Structure and dynamics of a functional cavity in the HIV-1 Envelope, and its role in conformational changes
required for infection
Channels and cavities in protein structures often play an important role in modulating structure, function and
dynamics. The HIV-1 Envelope (Env) glycoprotein, a conformational machine that utilizes receptor binding
mediated conformational changes to effect virus and host cell membrane fusion, is riddled with cavities and
channels. A highly conserved cavity – called the Phe43 cavity - engages the Phe43 residue of receptor CD4
and is critical for CD4-induced Env conformational transitions. The Phe43 cavity is also the binding site of
broad and potent antibodies, drugs and peptide inhibitors of HIV-1 entry. The CD4-mimetic miniprotein M48U1,
effects broad and potent HIV-1 neutralization, binds HIV-1 gp120 with pM affinity, showed efficacy as a vaginal
microbicide in animal models, and more recently, was shown to synergize with the drug Tenofovir to inhibit HIV
infection in activated PBMCs and human cervicovaginal histocultures. M48U1 inserts a methoxy cyclohexyl
moiety to fill the Phe43 cavity. M48U1 and its analogs are the only class of ligands that reach deep into the
Phe43 cavity, a property that makes them valuable tools for probing the structure of a deep, otherwise not
easily accessible cavity.We have previously utilized M48U1 and its analogs to probe the structure of the Phe-
43 cavity in gp120 monomers.
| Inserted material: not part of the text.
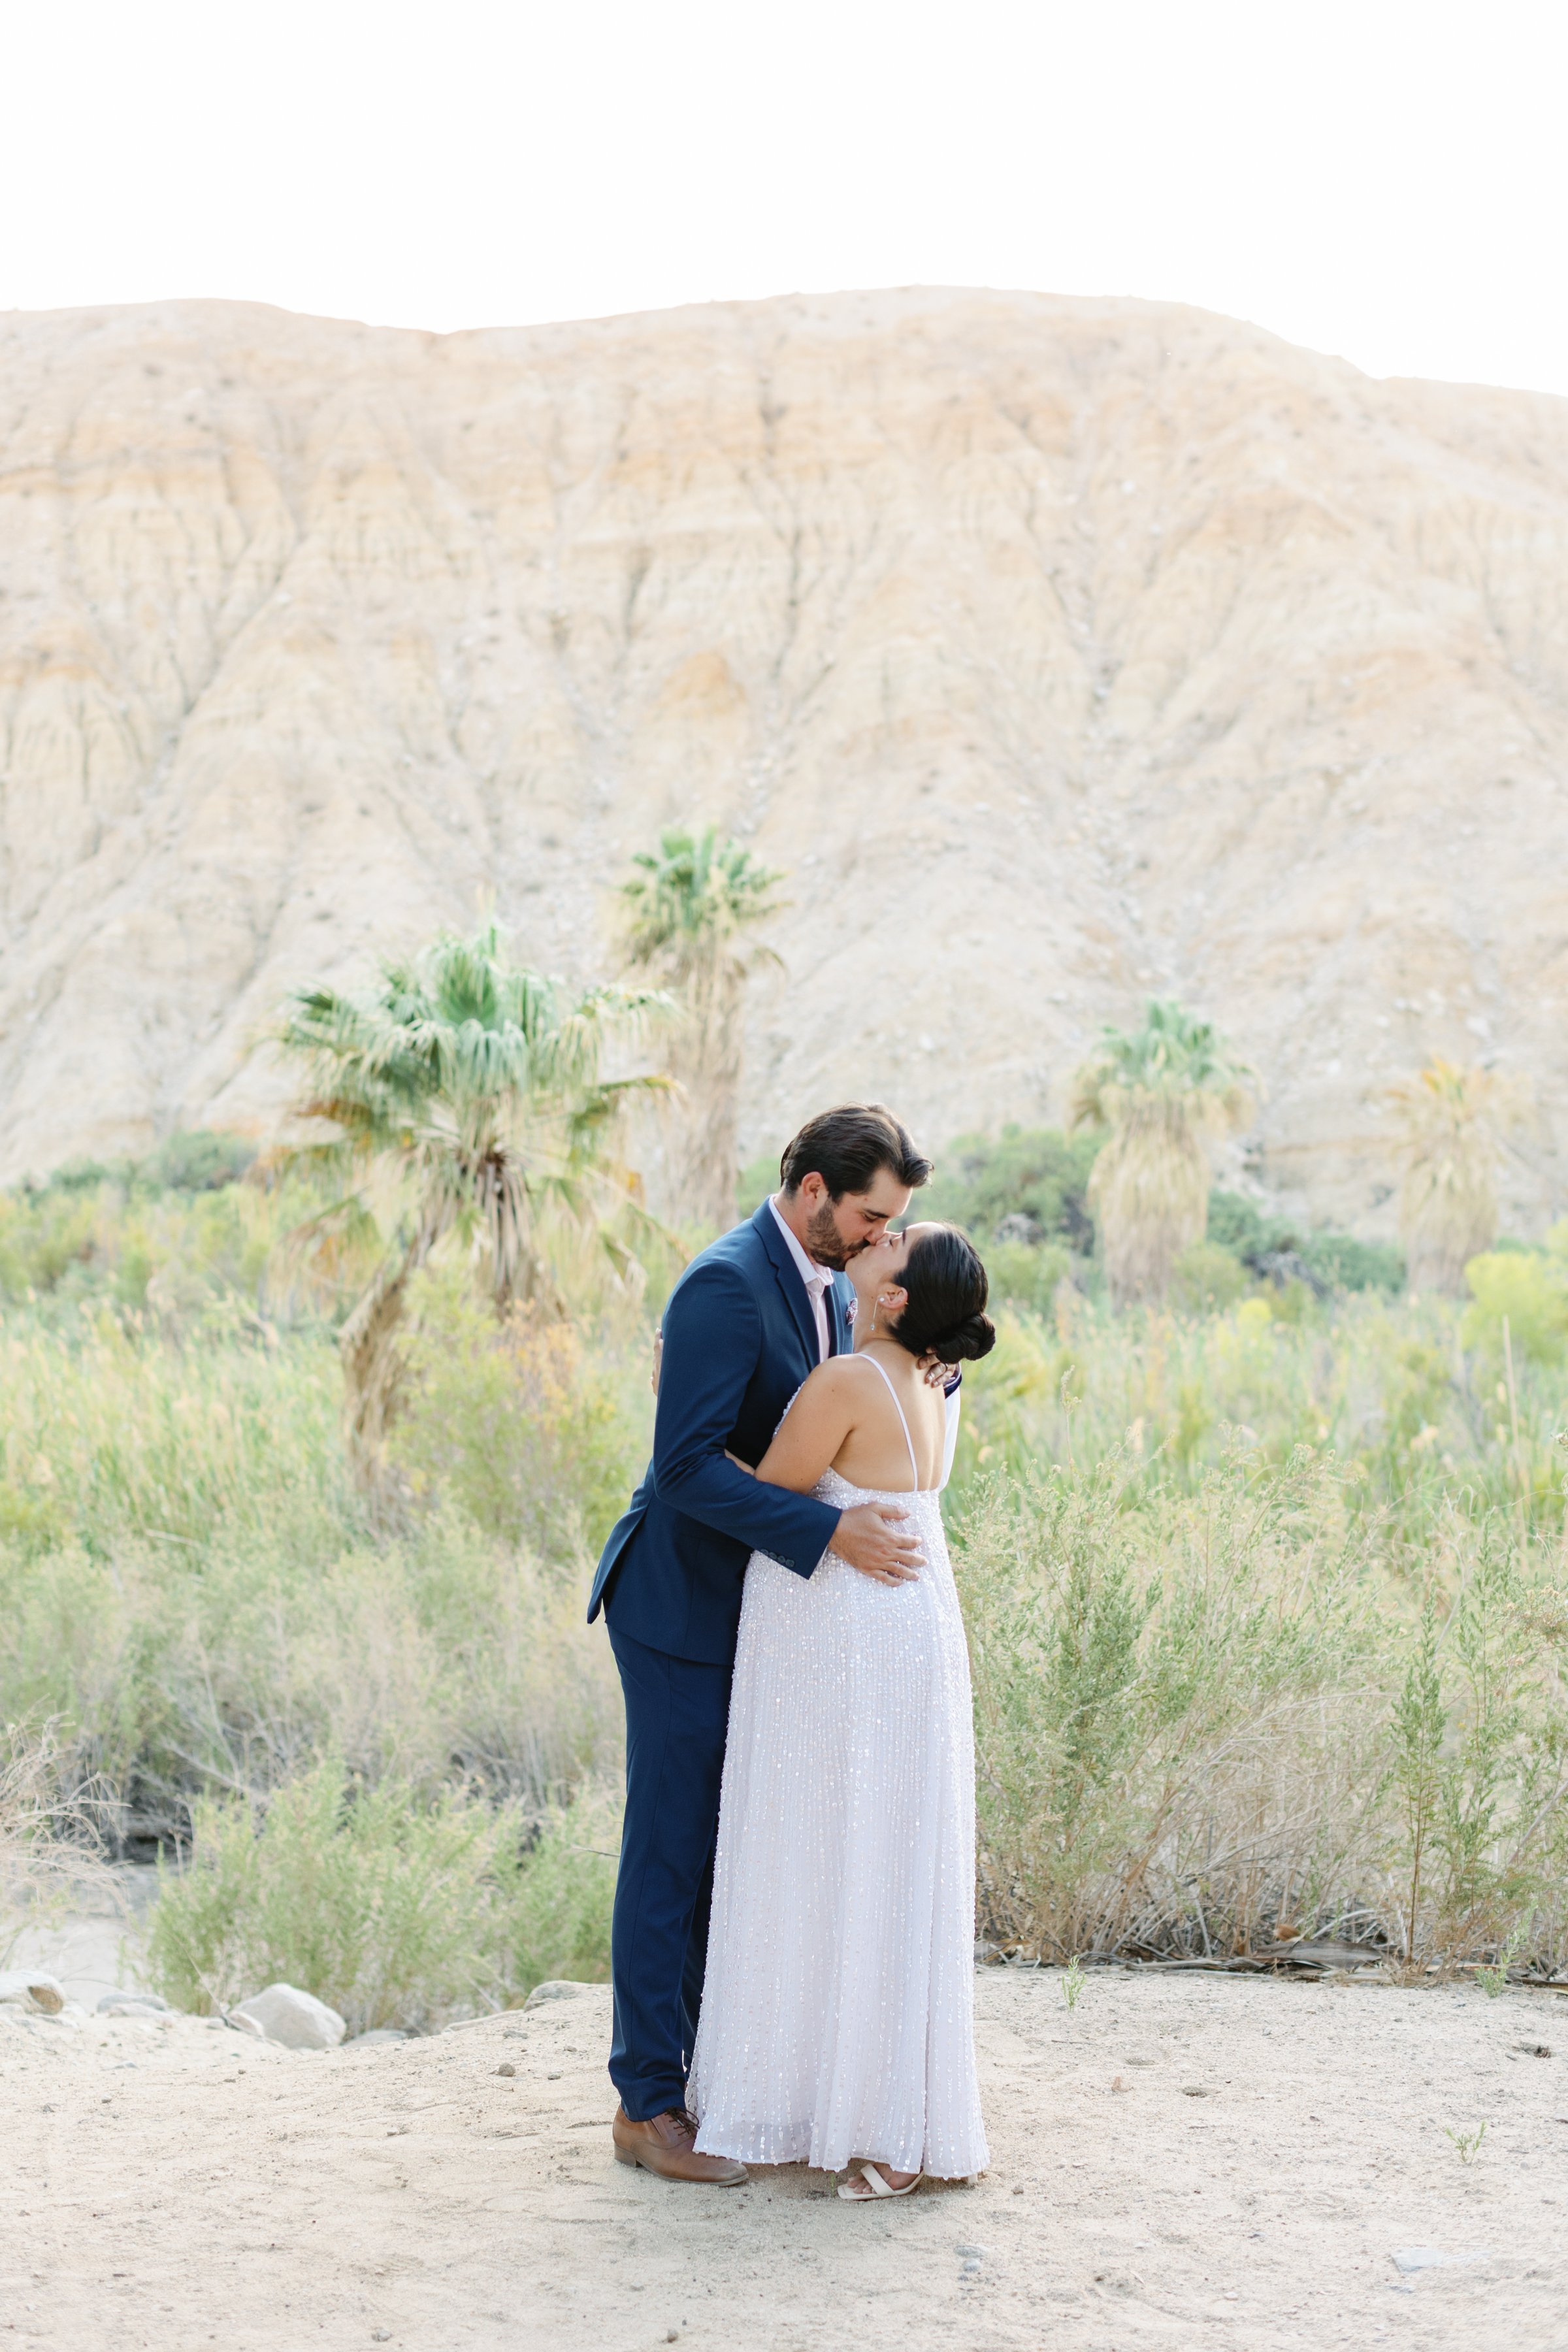 Natalie and Ricardo's Thousand Palm Oasis Elopement-11.jpg

High resolution structures of M48U1 bound to HIV-1 Env gp120 revealed ligand
flexibility, and the ability to fit within and adapt to the Phe43 cavities of diverse HIV-1 isolates with minimal
perturbations of the cavity structure are key determinants of activity.
In this grant we propose to explore the structure of the Phe43 cavity in the closed HIV-1 Env trimer using
M48U1 as a molecular probe. The innovation in this grant derives from our use of M48U1 and its analogs as
molecular probes of the Phe43 cavity, from the advances in cryo-EM technology that include improved
specimen vitrification methods, improved microscope hardware, automated methods for high-throughput data
collection, and advanced algorithms for data processing. These advances have recently allowed us to
establish a rapid pipeline for determining high resolution structures of HIV-1 Env complexes. The scientific
premise of this grant is that the Phe43 cavity is a critical functional component in HIV-1 Env, central to the
activity of the CD4 receptor and many broad and potent antibodies and drugs. M48U1 is an exceptionally
effective HIV-1 entry inhibitor, and one of the only ligands that fills the entire Phe-43 cavity. Exploring the
structures of HIV-1 Env when bound to M48U1 will provide insights into the structure and the conformational
constraints on the cavity in the closed state of the Env.